Pytorch-lightning: save_weights_only parameter in ModelCheckpoint class look like doesn't work

Created on 24 Oct 2019 · 8Comments · Source: PyTorchLightning/pytorch-lightning

Common bugs:

Tensorboard not showing in Jupyter-notebook see issue 79.
PyTorch 1.1.0 vs 1.2.0 support see FAQ

Describe the bug
save_weights_only parameter in ModelCheckpoint class look like doesn't work

document describe save_weight_only like that
save_weights_only: if True, then only the model's weights will be saved (model.save_weights(filepath)), else the full model is saved (model.save(filepath)).

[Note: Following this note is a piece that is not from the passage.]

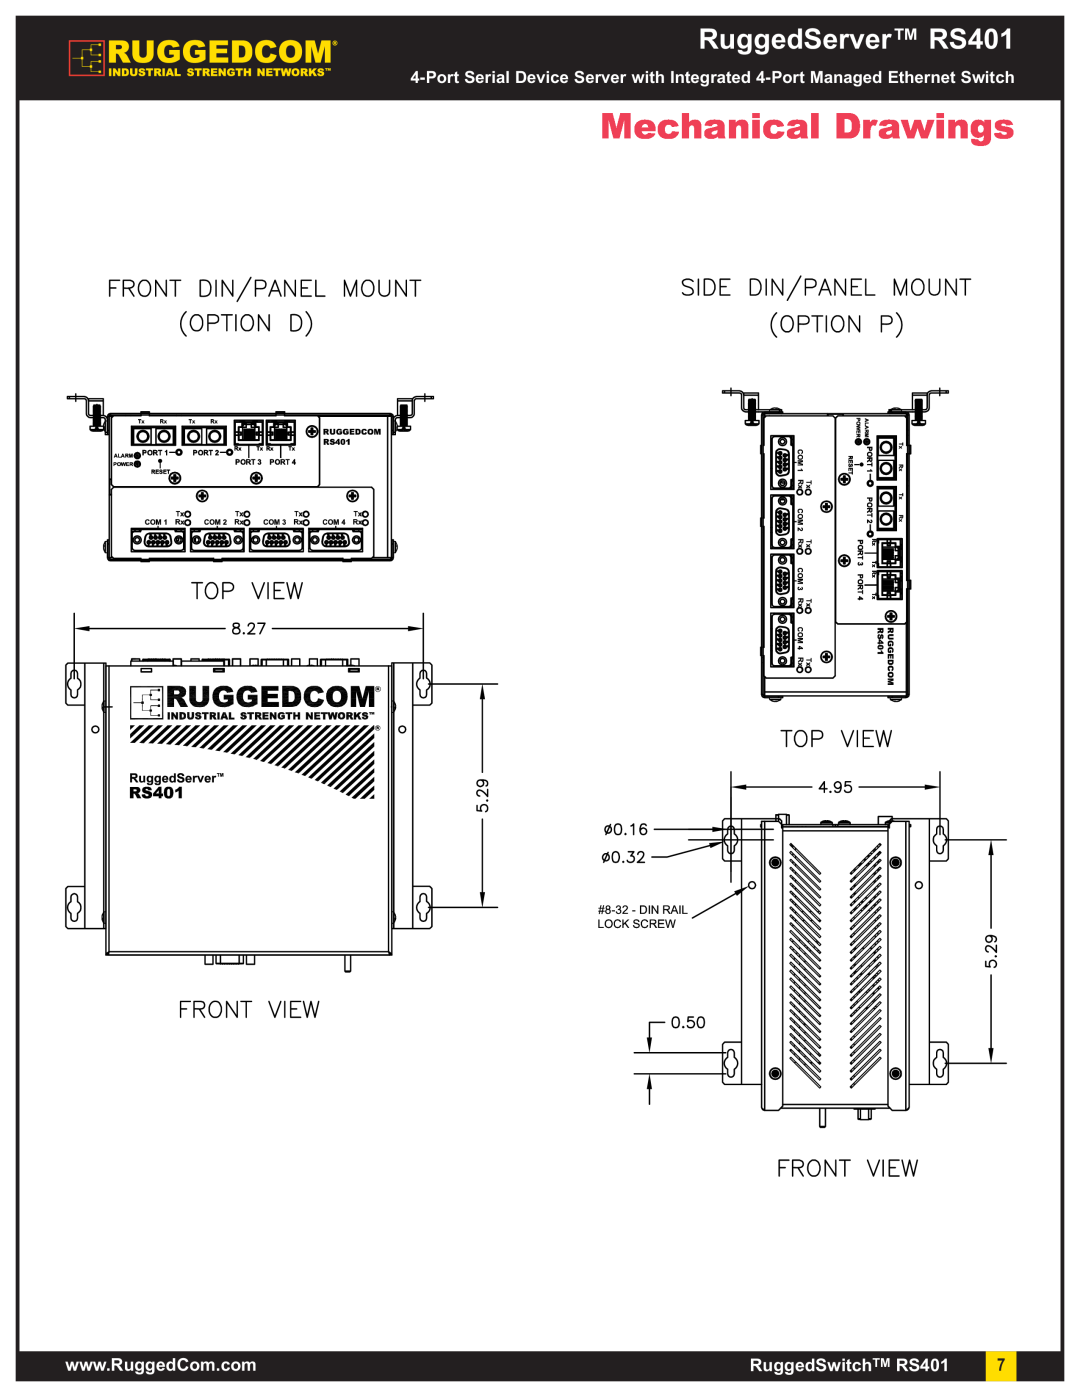 RuggedCom warranty Mechanical Drawings, RuggedServer RS401, RuggedSwitchTM RS401

but save_weight_only parameter doesn't save model differently each different options

To Reproduce
Steps to reproduce the behavior:

I used sample script in official document

import os
import torch
from torch.nn import functional as F
from torch.utils.data import DataLoader
from torchvision.datasets import MNIST
import torchvision.transforms as transforms

import pytorch_lightning as pl

class CoolSystem(pl.LightningModule):

    def __init__(self):
        super(CoolSystem, self).__init__()
        # not the best model...
        self.l1 = torch.nn.Linear(28 * 28, 10)

    def forward(self, x):
        return torch.relu(self.l1(x.view(x.size(0), -1)))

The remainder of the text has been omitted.